KU film series attacks 'sexist and misogynistic' U.S. culture
The University of Kansas will host a film series this fall about how American culture “bombards young men with sexist and misogynistic messages” and reflects “anxieties about strong women”
According to the university’s website, the school’s Emily Taylor Center for Women and Gender Equality will present a different documentary each month from September to December, each of which will be followed by a discussion of the film’s themes.
The series begins in September with Wonder Women!

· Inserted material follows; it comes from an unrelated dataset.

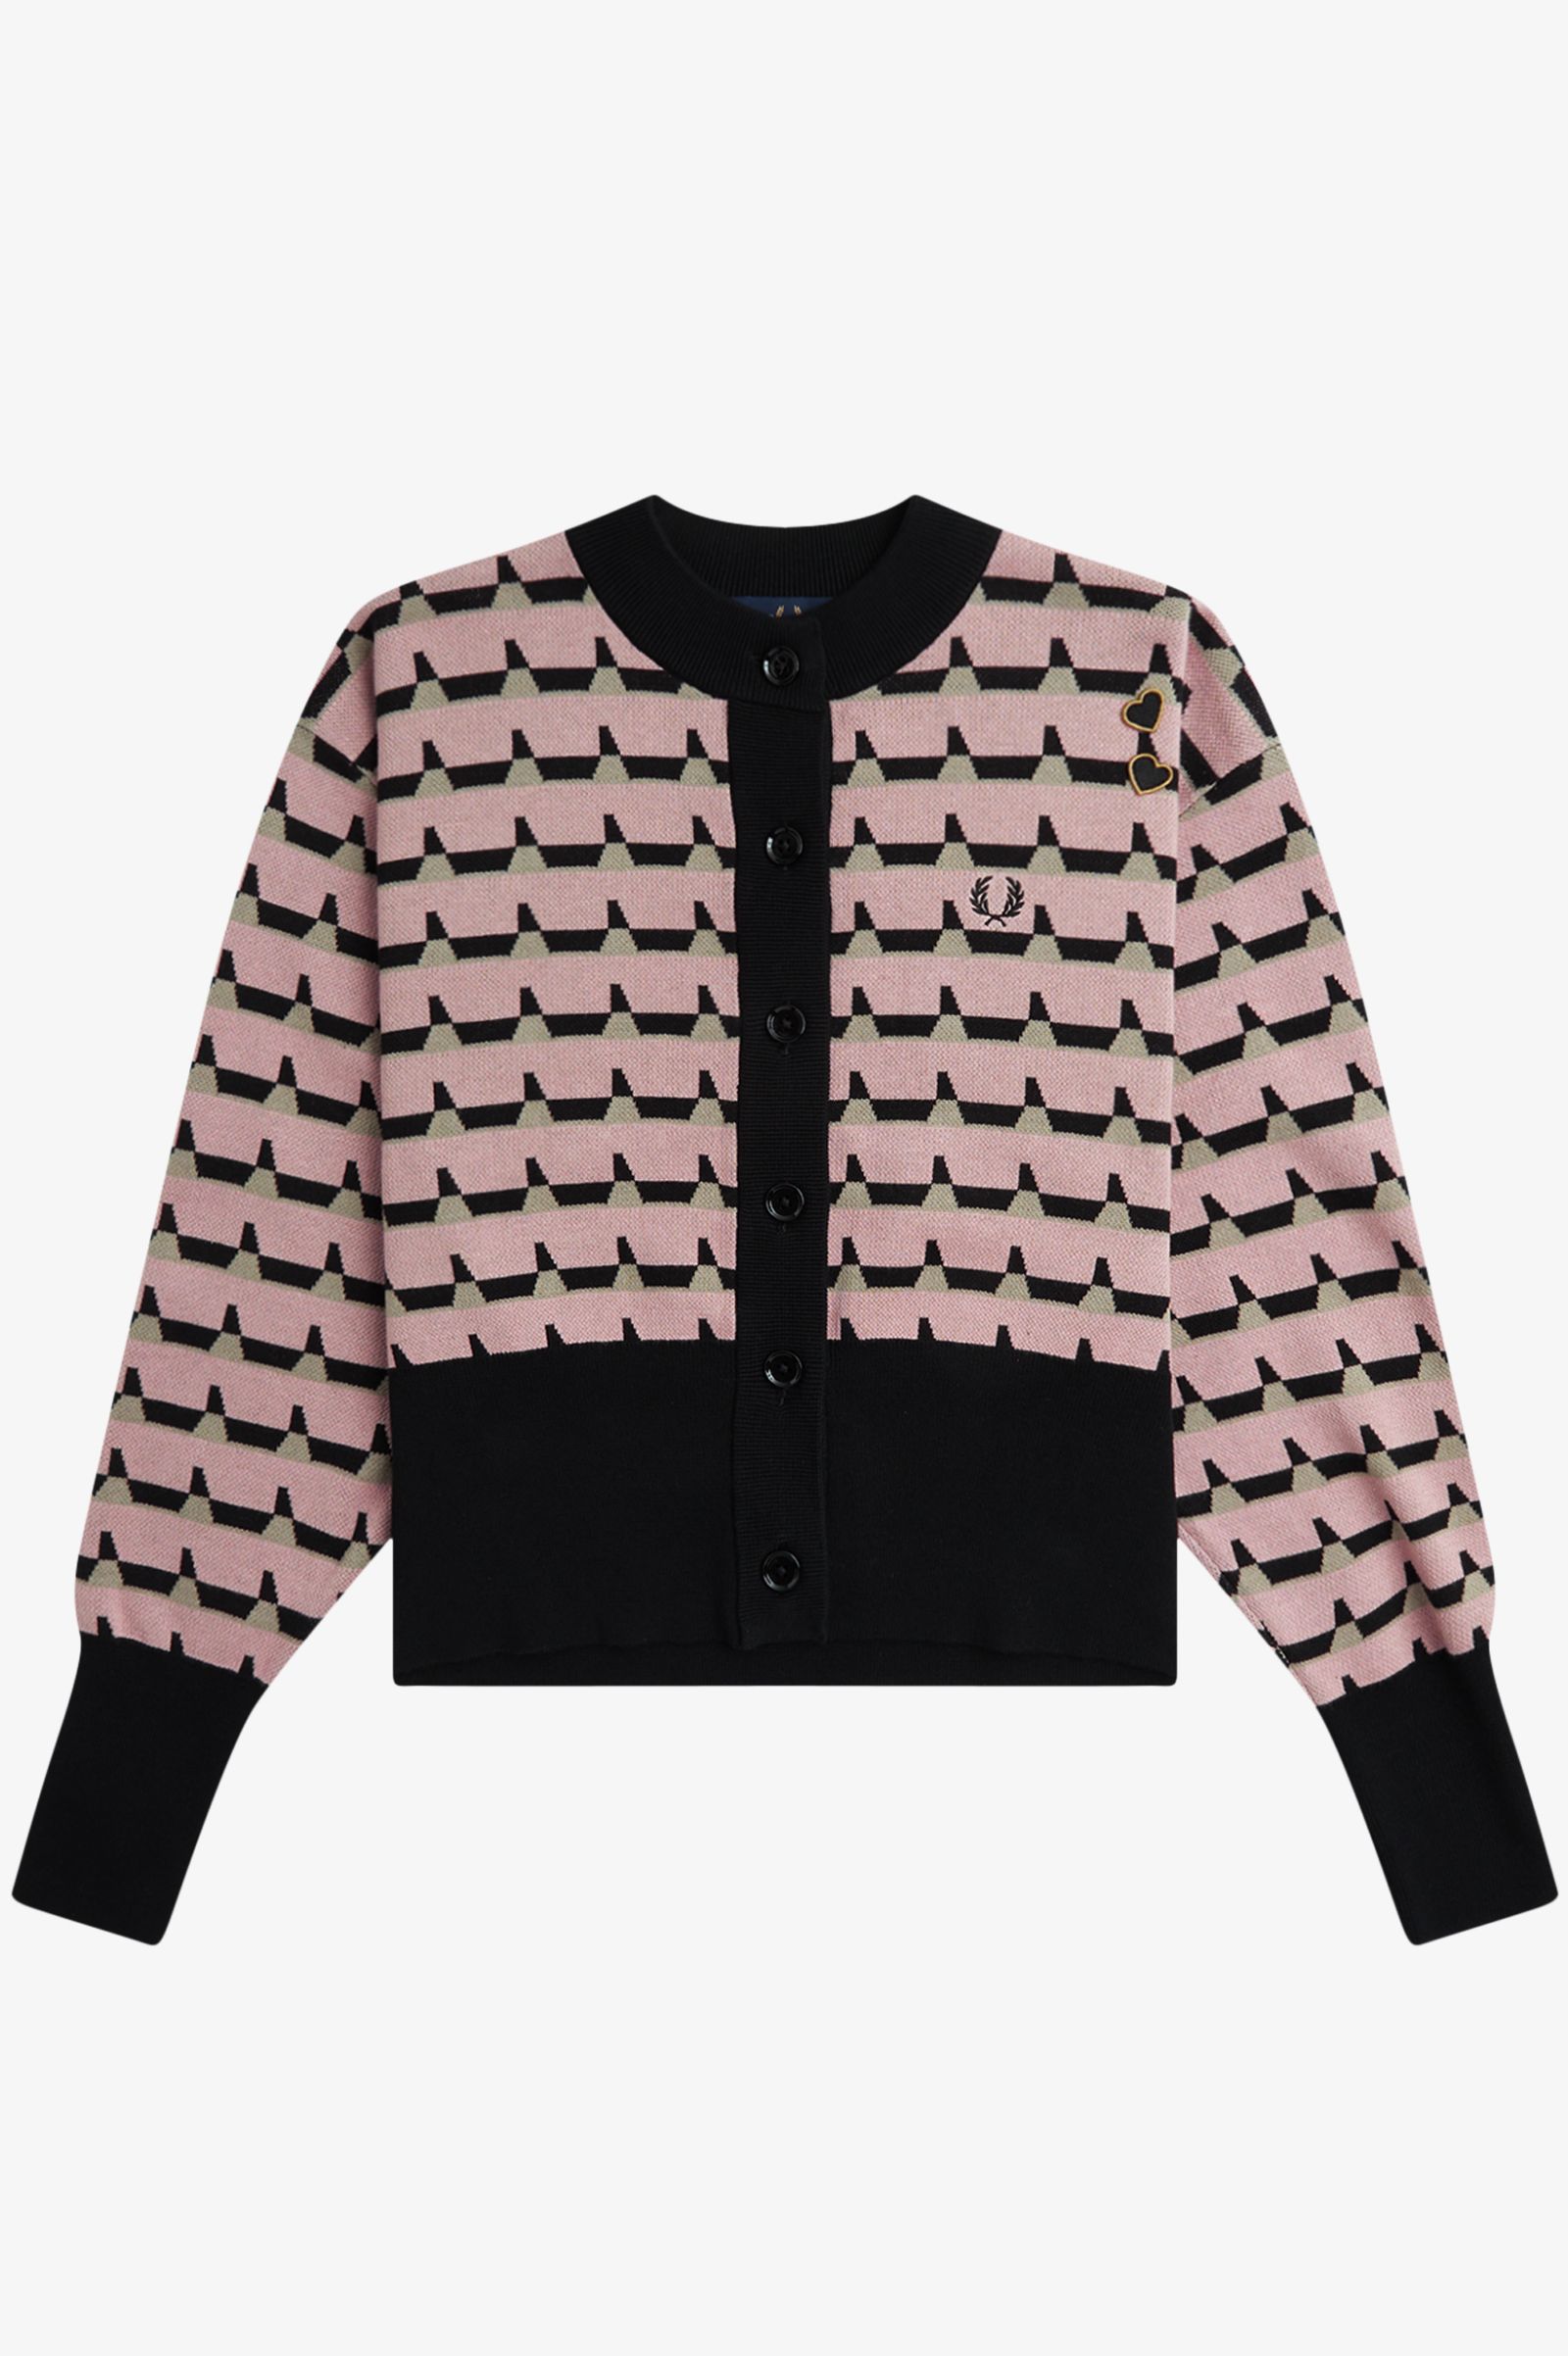 Fred Perry Amy Winehouse Jacquard Knit Cardigan in Dusty Rose Pink

The Untold Story of American Superheroines, which “presents an enlightening and entertaining response to the male dominated superhero genre,” according to the description.
“In addition to revealing the ways that representations of superheroines reflect society's anxieties about strong women,” the university adds that “Wonder Women! explores the ways girls and women struggle to achieve confidence, strength, and agency in a sexist culture.”
October’s video features “self-described transgender-dyke, reluctant-polyamorist, sadomasochist, and recovering-Scientologist” Kate Bornstein, whose film Kate Bornstein is a Queer and Pleasant Danger documents her activities “as she explodes binaries and deconstructs gender with her characteristic wit, style, and candor.”
The third film in the series, The Empathy Gap: Masculinity and the Courage to Change, is billed as an examination of “how American culture bombards young men with sexist and misogynistic messages.”
According to the description, the film “looks at the ways these messages short-circuit men's ability to empathize with women, respect them as equals, and take feminism seriously,” and then presents an alternative by showing “how men who break with sexist and misogynistic norms live happier and healthier lives.”
The last documentary, Dark Girls, explores the issue of “colorism,” which the video defines as “prejudice or discrimination based on the relative lightness or darkness of the skin.”
While the description asserts that this is generally a phenomenon “within one’s own ethnic group,” the film will endeavor to “[situate] colorism within its larger context of white supremacy and colonialism” in an effort to “illuminate the traumatic effects of structural, interpersonal, and internalized racism and sexism on dark-skinned women in the United States and across the globe.”
Campus Reform reached out to Program Coordinator Dr. Megan Williams, who is listed as the point of contact for information about the film screenings, but did not receive a response.